Do you also feel--but would hate to admit--that Dr. S. has every reason not to like you. That you’re a slimy, unlovable toad whom no one, starting with your mother, could possibly love? And that therapy isn’t working because you’re so hopeless that even the great Dr. S., world-renowned for his expertise in curing the most hopeless cases, can’t do a thing for you?
Does this state of affairs feel right, feel normal, feel like the way it’s supposed to be? If so, join the club. The best-kept secret in shrinkdom is that, like male gynecologists who go into their specialty because they hate women, shrinks go into theirs because they hate people. The next best-kept secret is that the most hateful shrinks attract the most self-hating patients. It’s a serendipitous arrangement that can go on for years. I should know, I did it for years.

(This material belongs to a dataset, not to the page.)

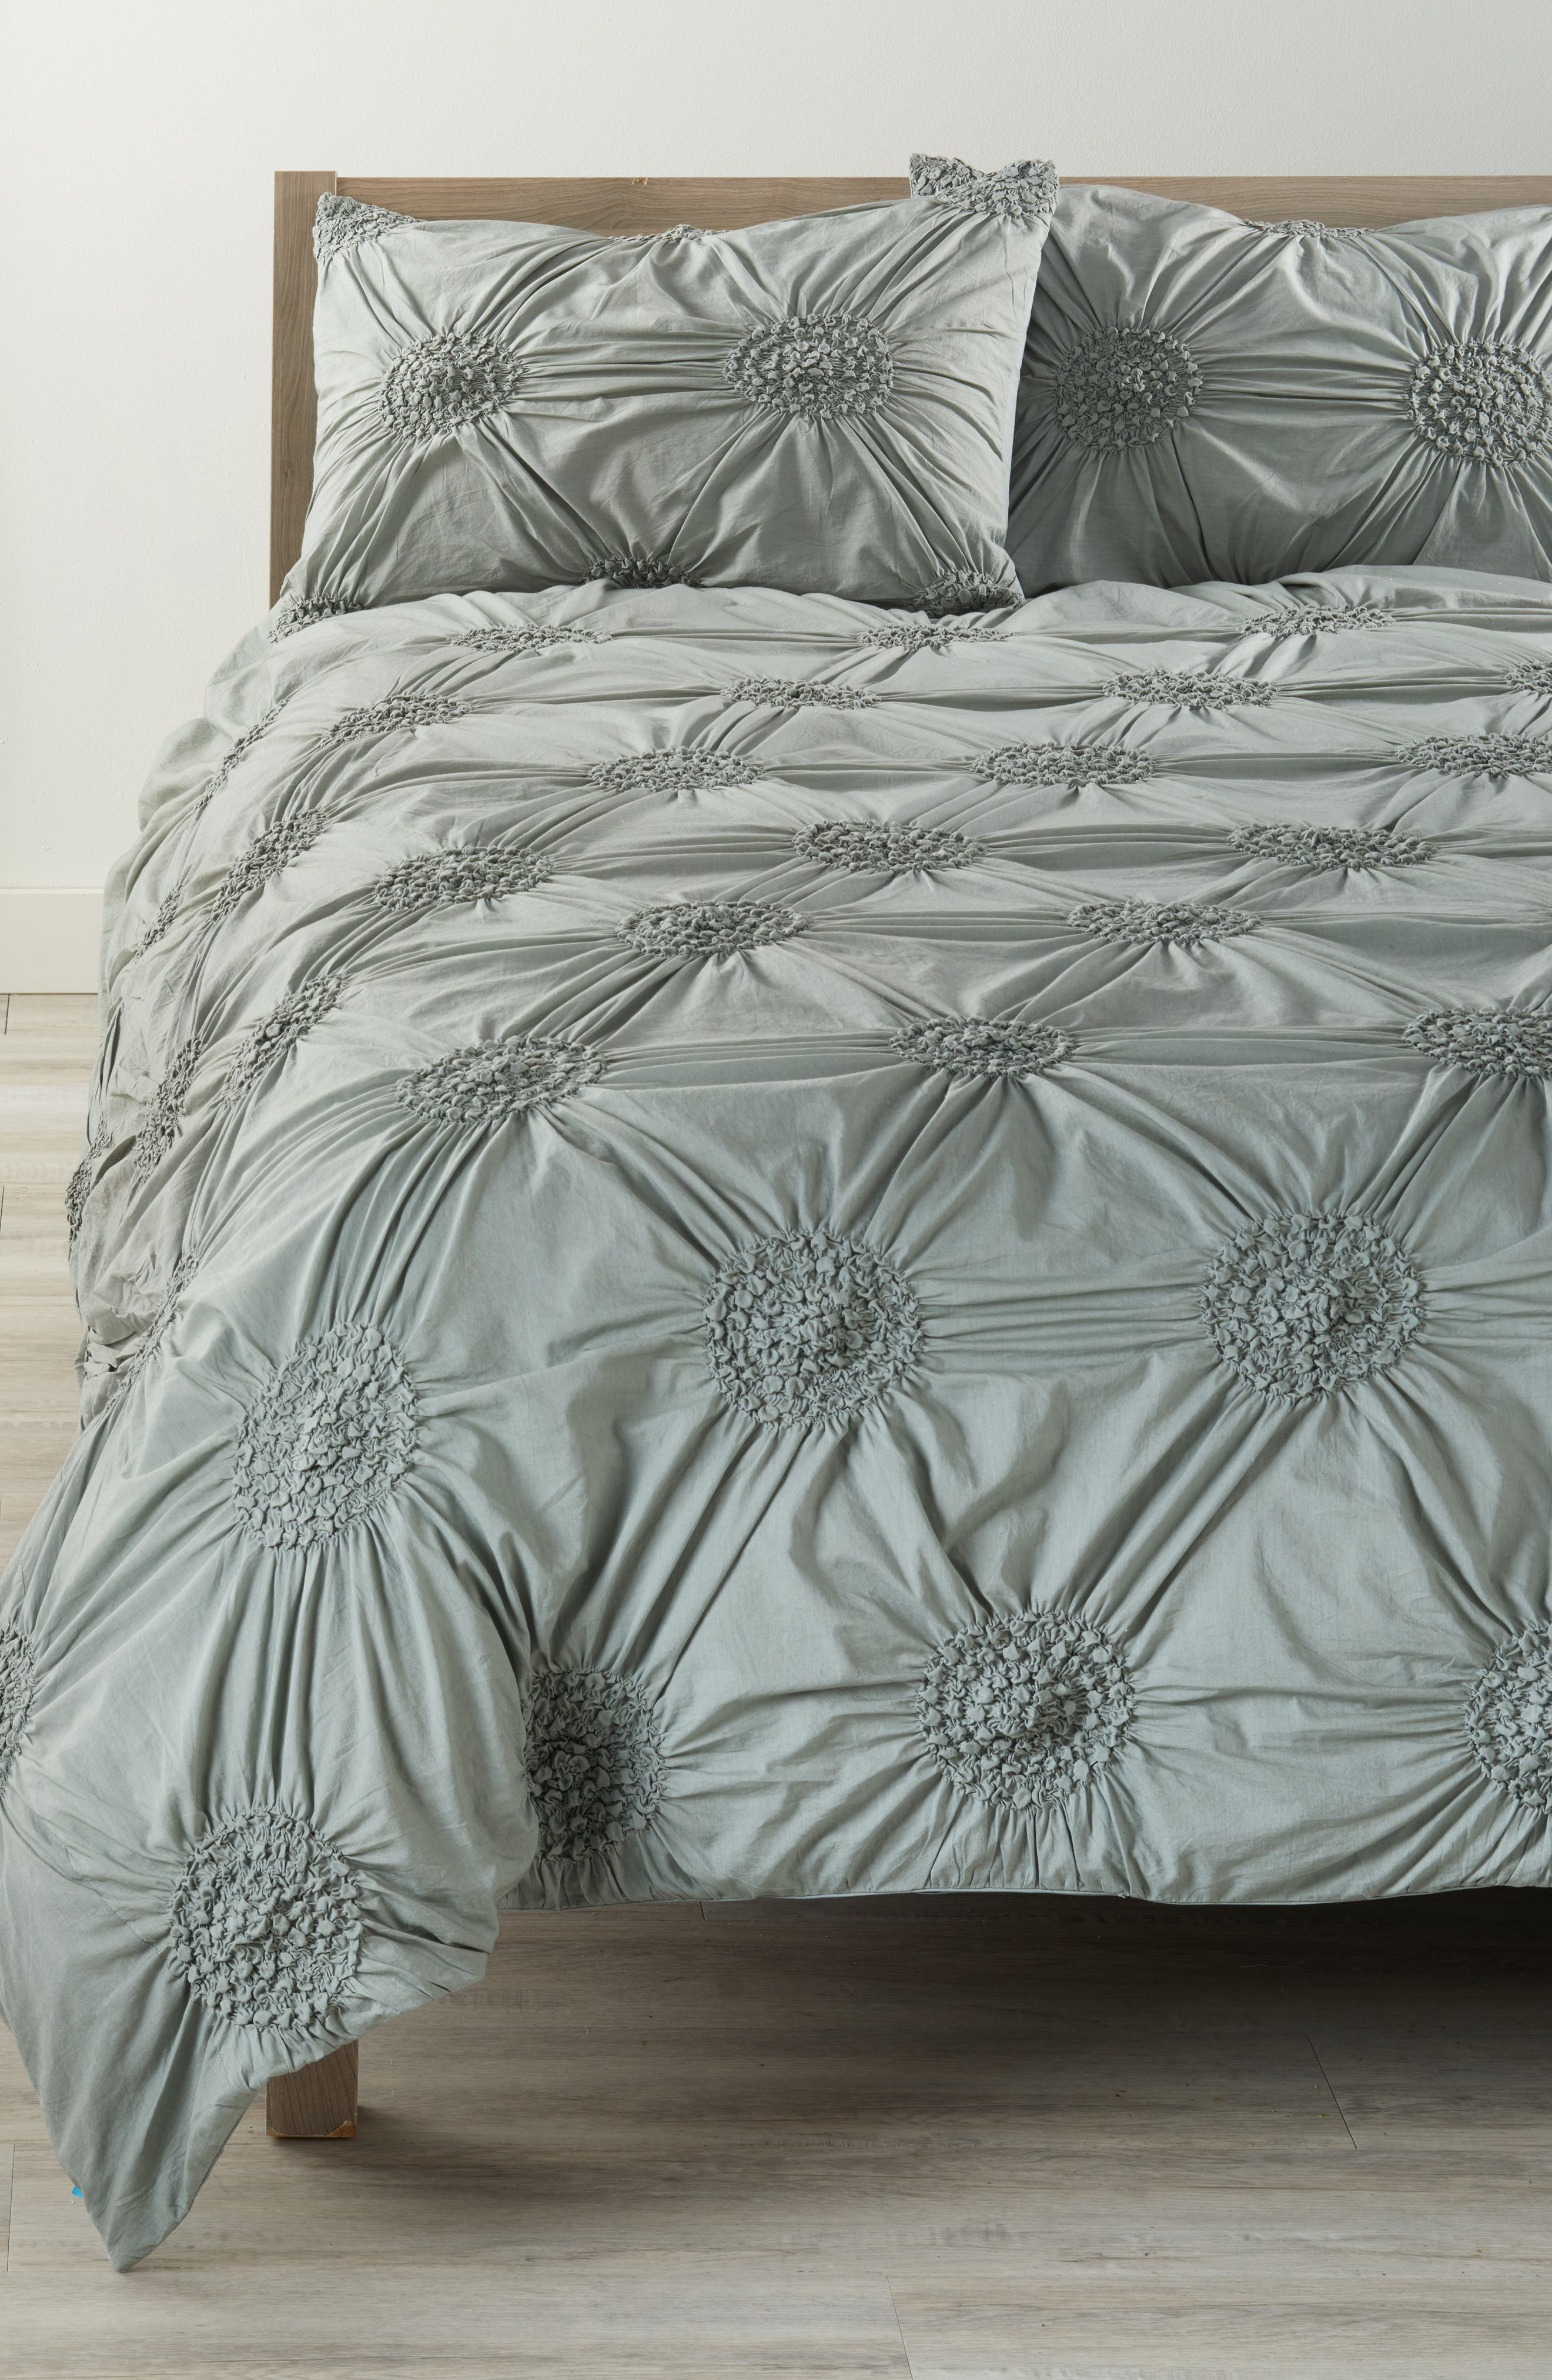 linen discount department studio a sets tahari max goods of quilt bag queen bed stores full marshalls size home set bedding store bathroom sheets in comforter

I started my career on the couch at the tender age of 14 with a social worker named Mrs. Palmer at the family service agency in the suburb where I grew up. My mom was hysterical because she thought I was screwing around, which back in those prehistoric, pre-legal-abortion days was considered the first step on the road to unwed motherhood and a life on the skids. In reality I’d barely engaged in serious necking, but my mom was in the throes of a midlife crisis brought on by the combination of a cheating husband and a nubile daughter feeling her sexual oats.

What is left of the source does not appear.